I was kind of annoyed this morning about class... R always, like, emailed me the slides the night before so I could photocopy them whenever. But this class is gonna make me come in an hour before our start at 10:30 to make the copies. I'd much rather do it the day before, but the prof says she won't be ready by then, which, fine, but I don't think the slides have changed so much from year to year. But fine, photocopying before class won't be a big deal. I just wish she would have bothered to let me know that was the story. At least she stopped being pissy about it pretty quickly... I think she came to realize she had only talked to the other TA about what the plan was.

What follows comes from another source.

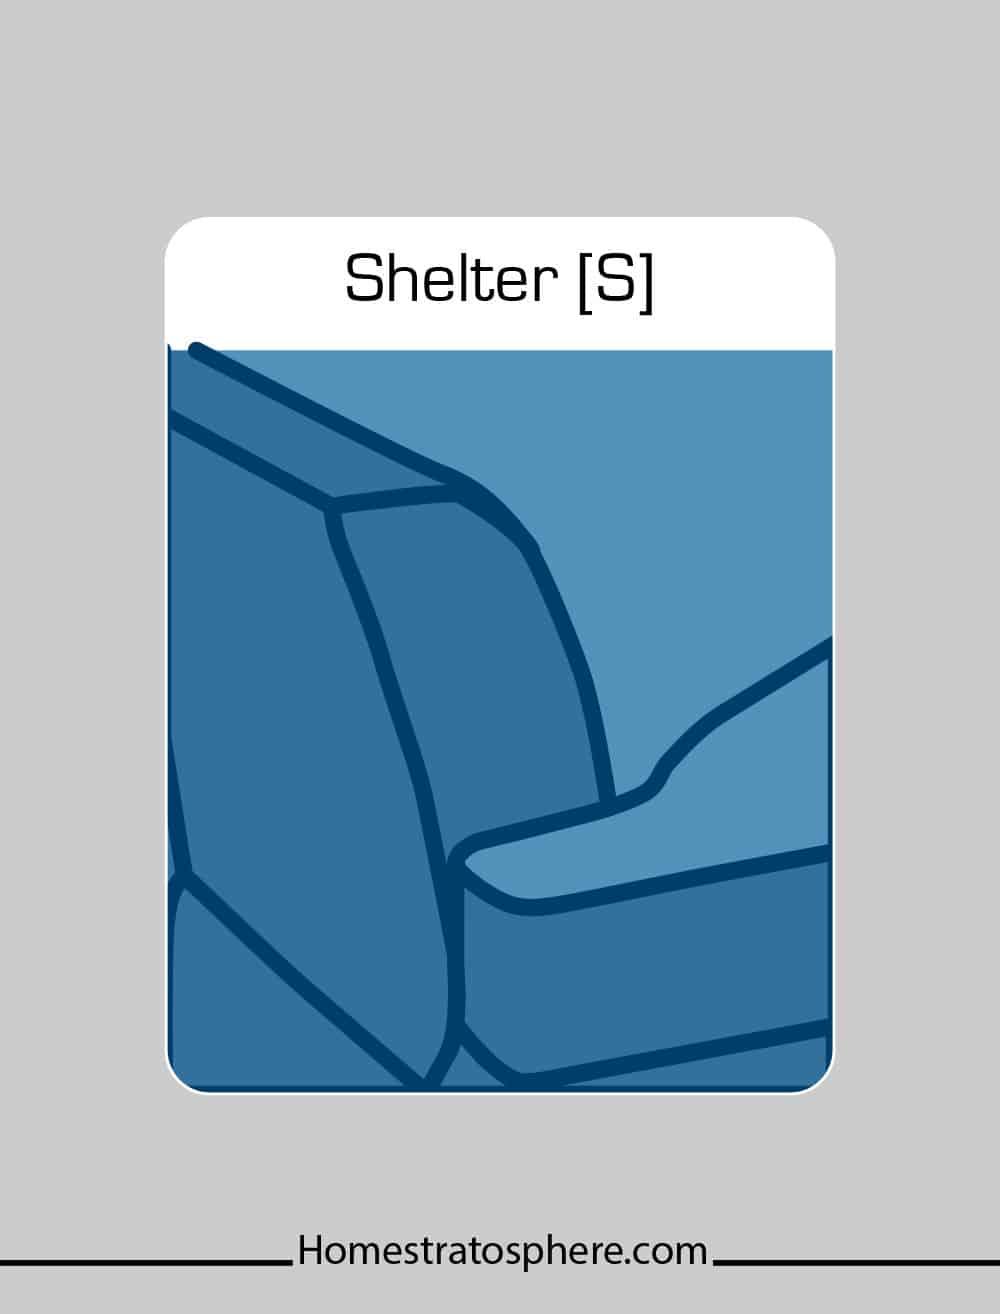 Shelter sofa arm style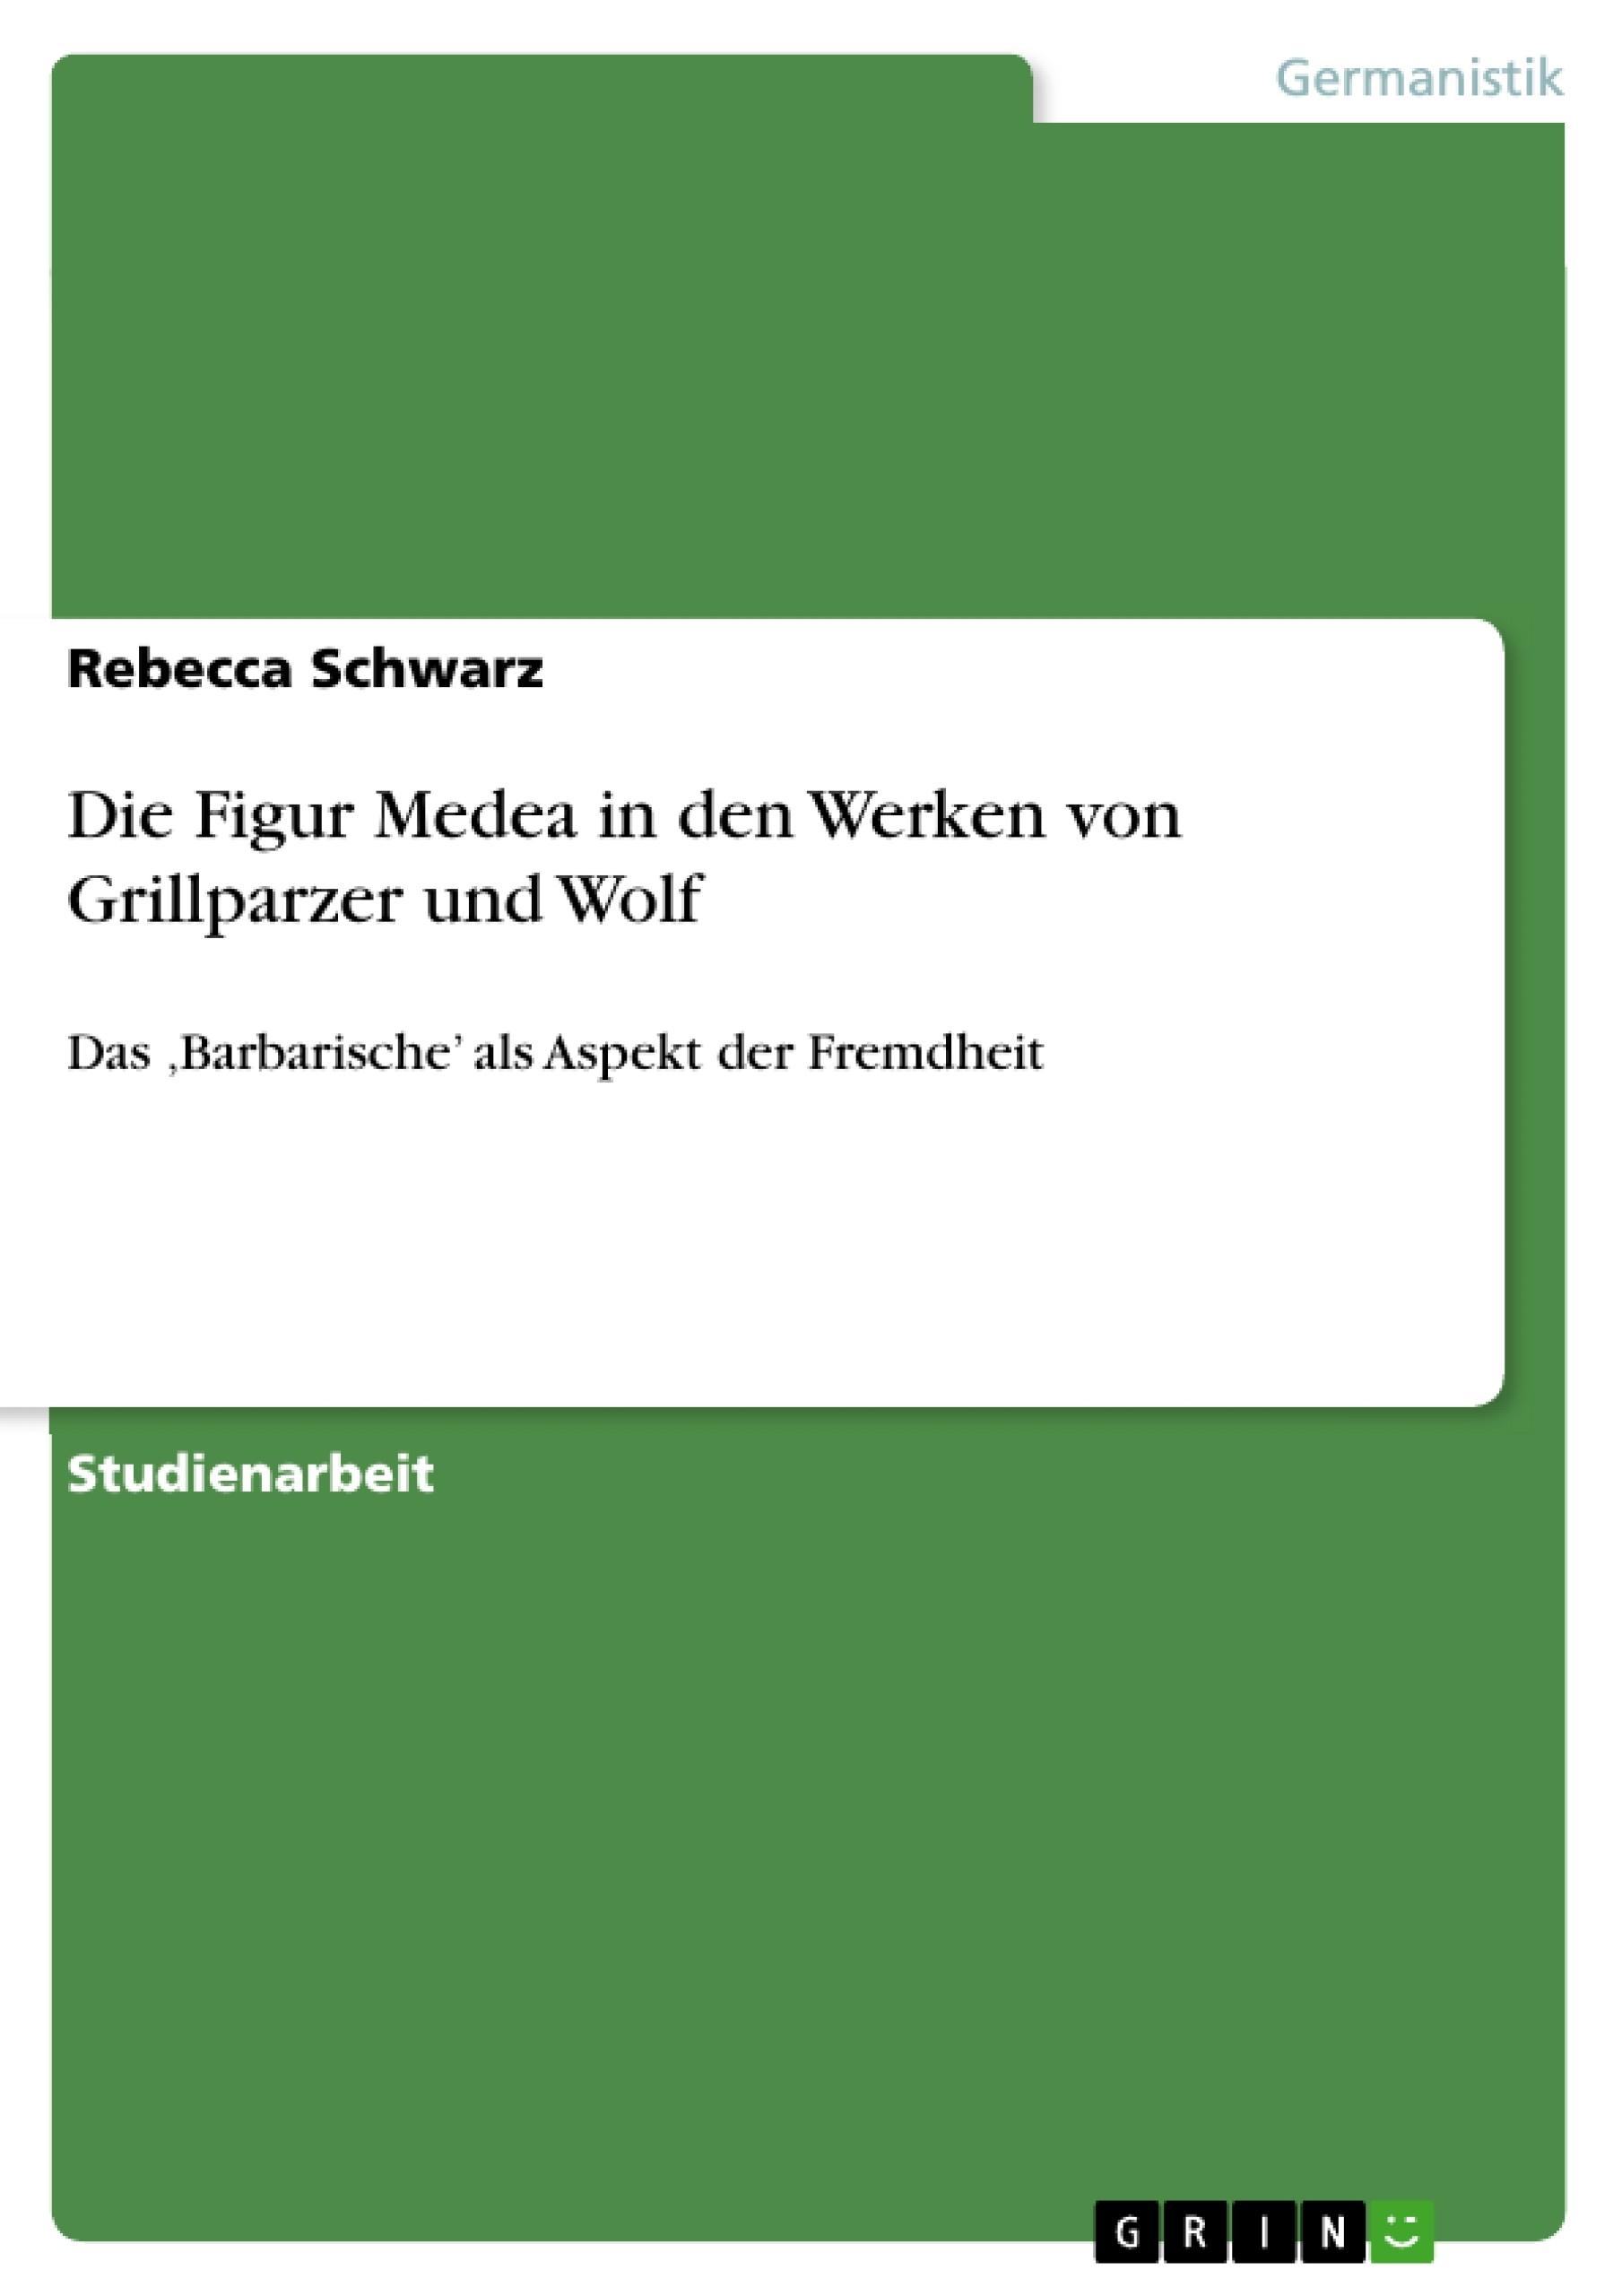 Titel: Die Figur Medea in den Werken von Grillparzer und Wolf

No opportunity for feeling resolved today. I want things to be normal. I just want to know they'll be normal.
<2132>
I got my MD tax refund today. They have the easiest online filing system ever. I'm hanging onto the federal taxes until April, though, since I owe them money. :-)
So, the new department student group is having elections coming up, and I'm trying to decide what all to run for. Unlike Band, these are elections, so I think there's less intrigue than when super secret meetings of the cabal lead to the final decision. But I realized that I didn't want to run for Chair if the current de facto chair is running, because she's much more low key than I am, while still being way organized. So, it looks like she's running, so I'm free to run for stuff that fits a bit better (not that I would mind if other folks were Chair besides her, it just wouldn't be as good). I'm running for rep to the academic affairs committee, which given the amount of time I spend thinking about curriculum is a pretty good fit, and Ops Chair, which is like Treasurer mixed with record-keeper (an aspect I kinda threw in mildly with myself in mind).